All lines from the one containing "1x60W,E27 or E26 bulb" to the end of the material are to be given again exactly; leave out every line before it.

══════

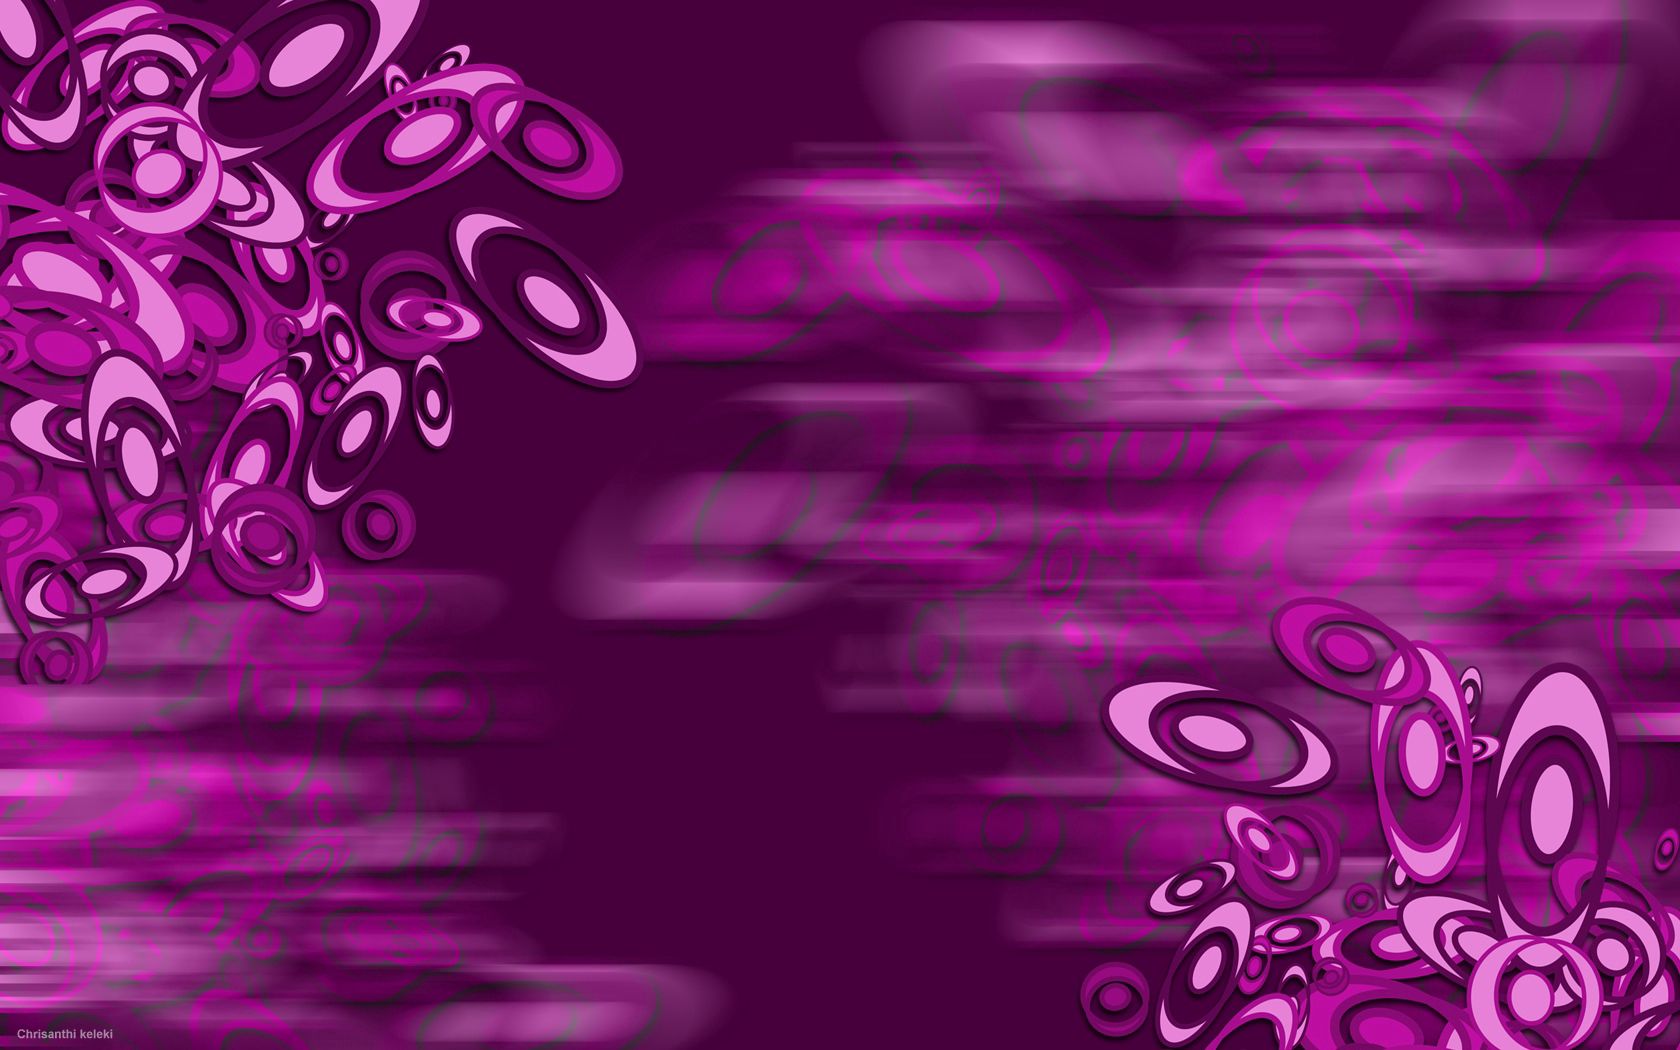 pattern, abstract, lilac, violet, picture, drawing, purple Image for desktop
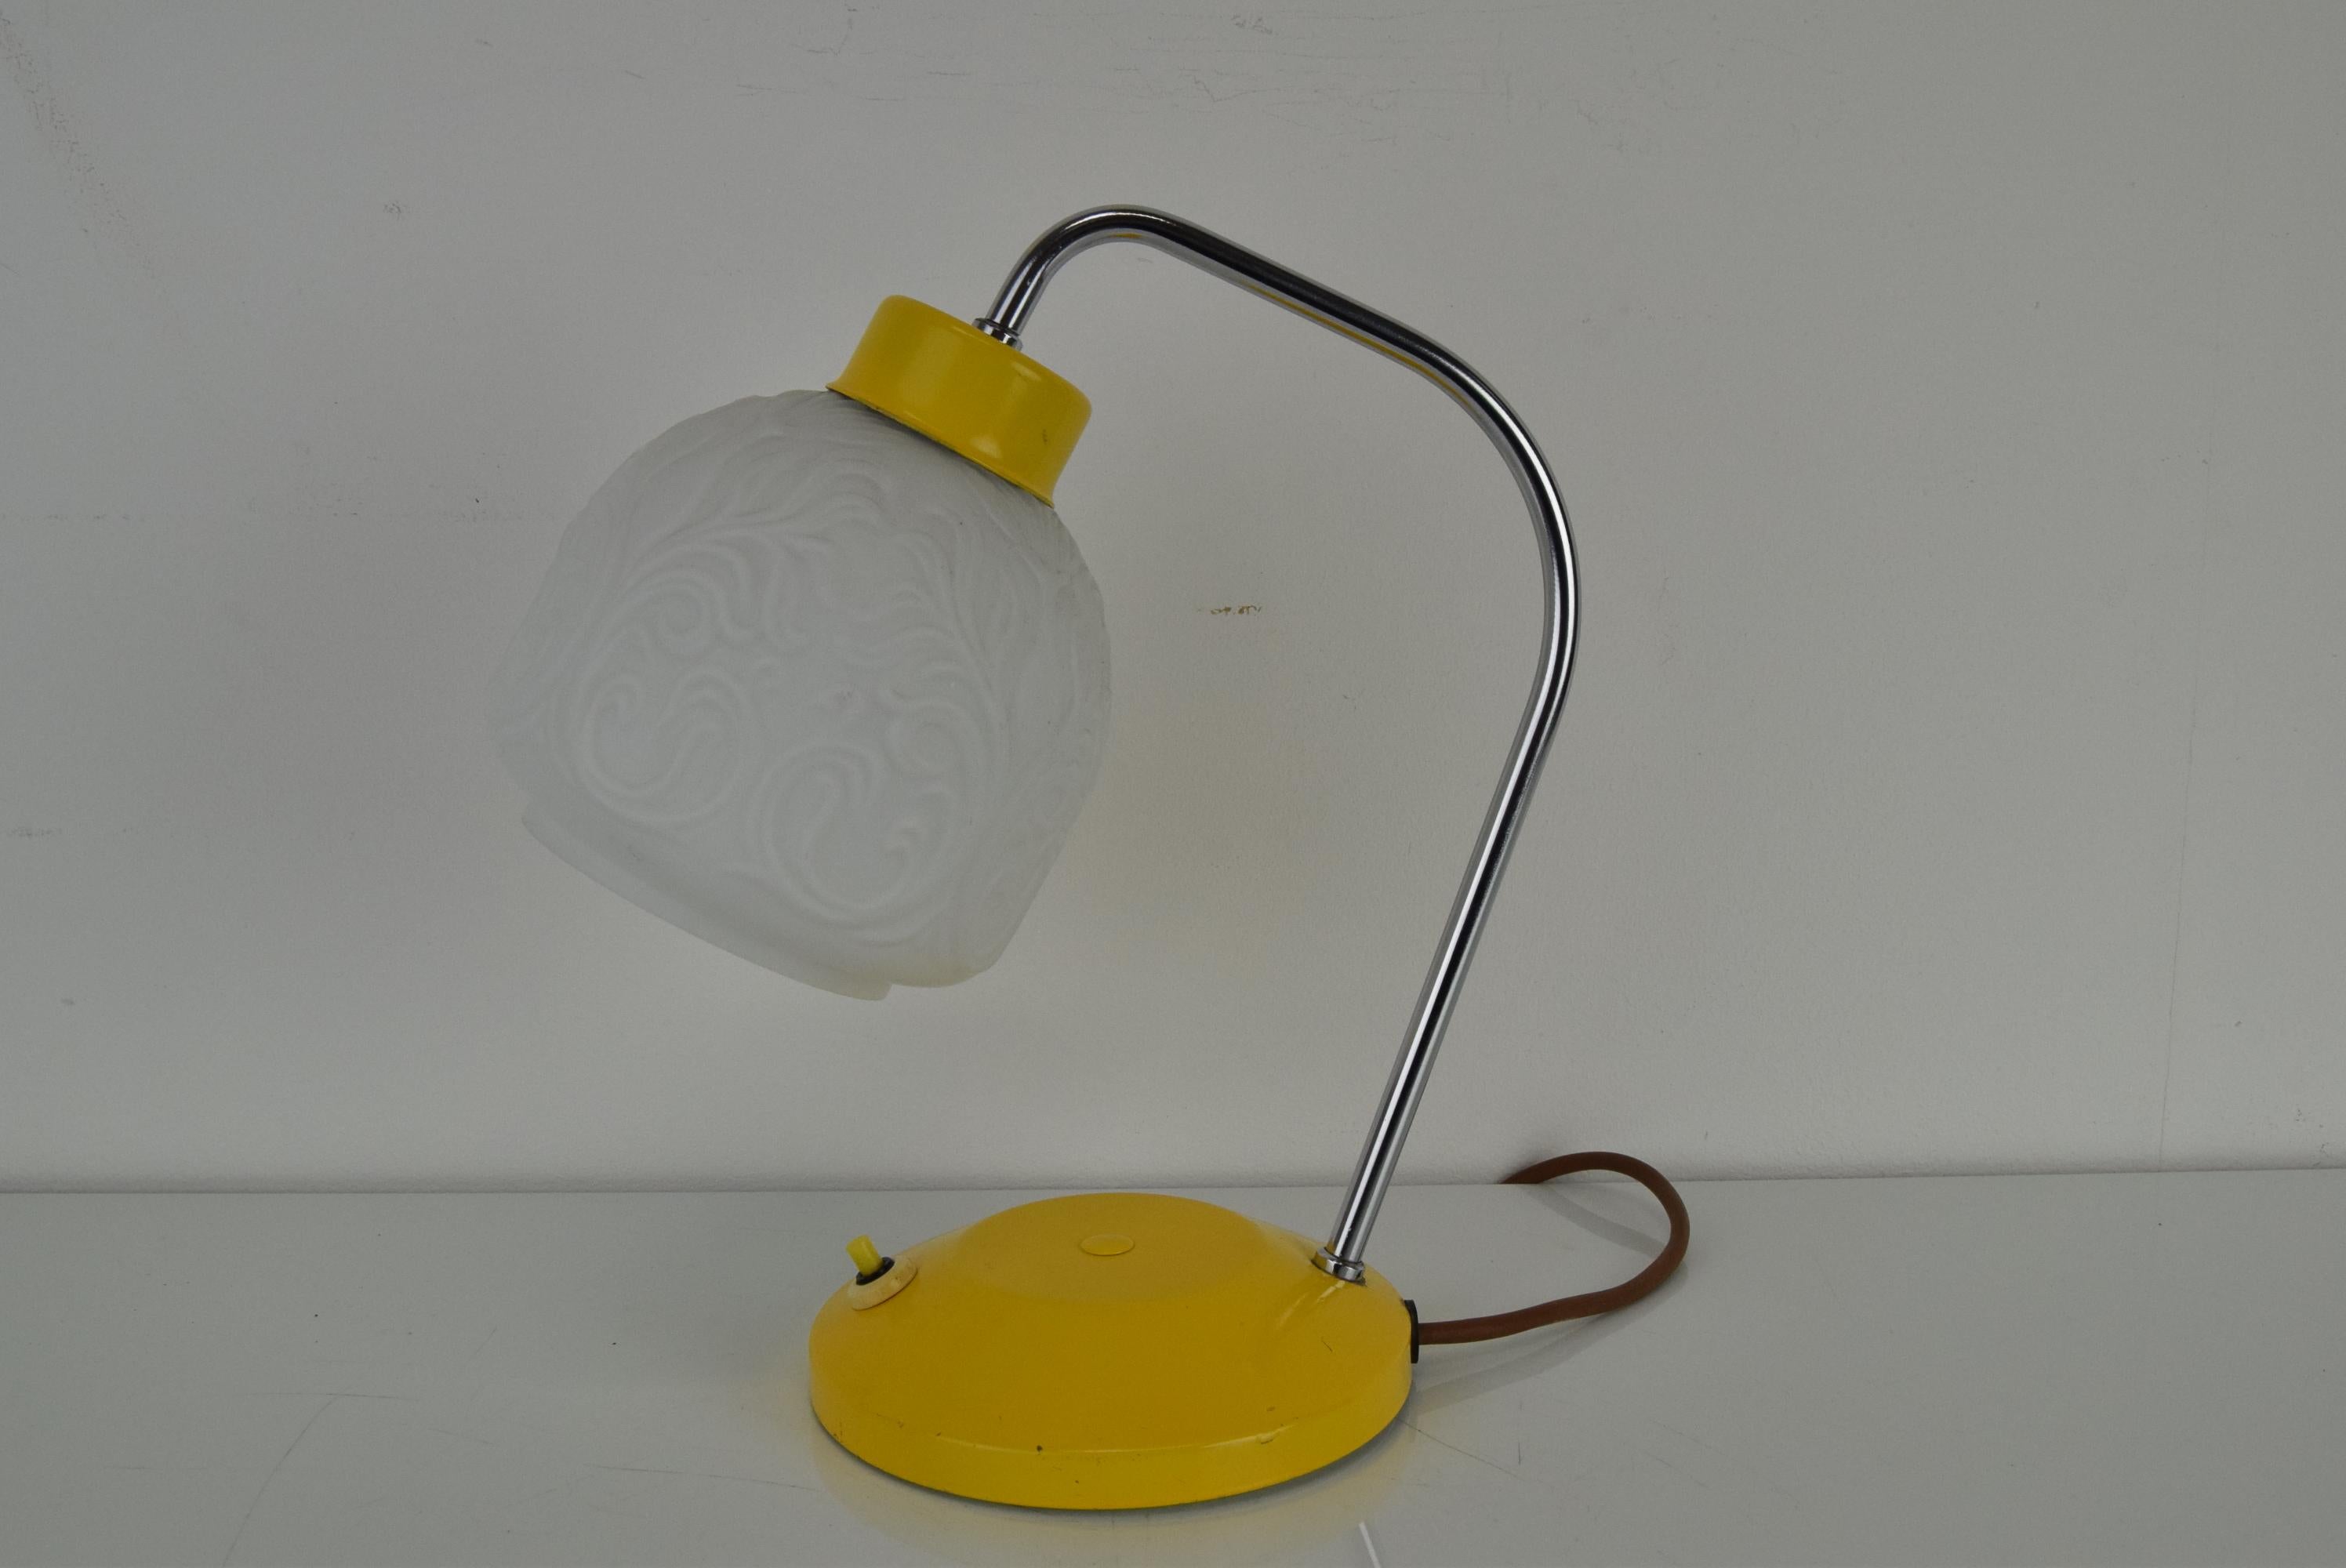 Made in Czechoslovakia 
Made of glass, Lacquered metal, chrome
With aged patina
Re-polished
1x60W,E27 or E26 bulb
US adapter included
Good original condition.

══════

> _TASK RESPONSE_
1x60W,E27 or E26 bulb
US adapter included
Good original condition.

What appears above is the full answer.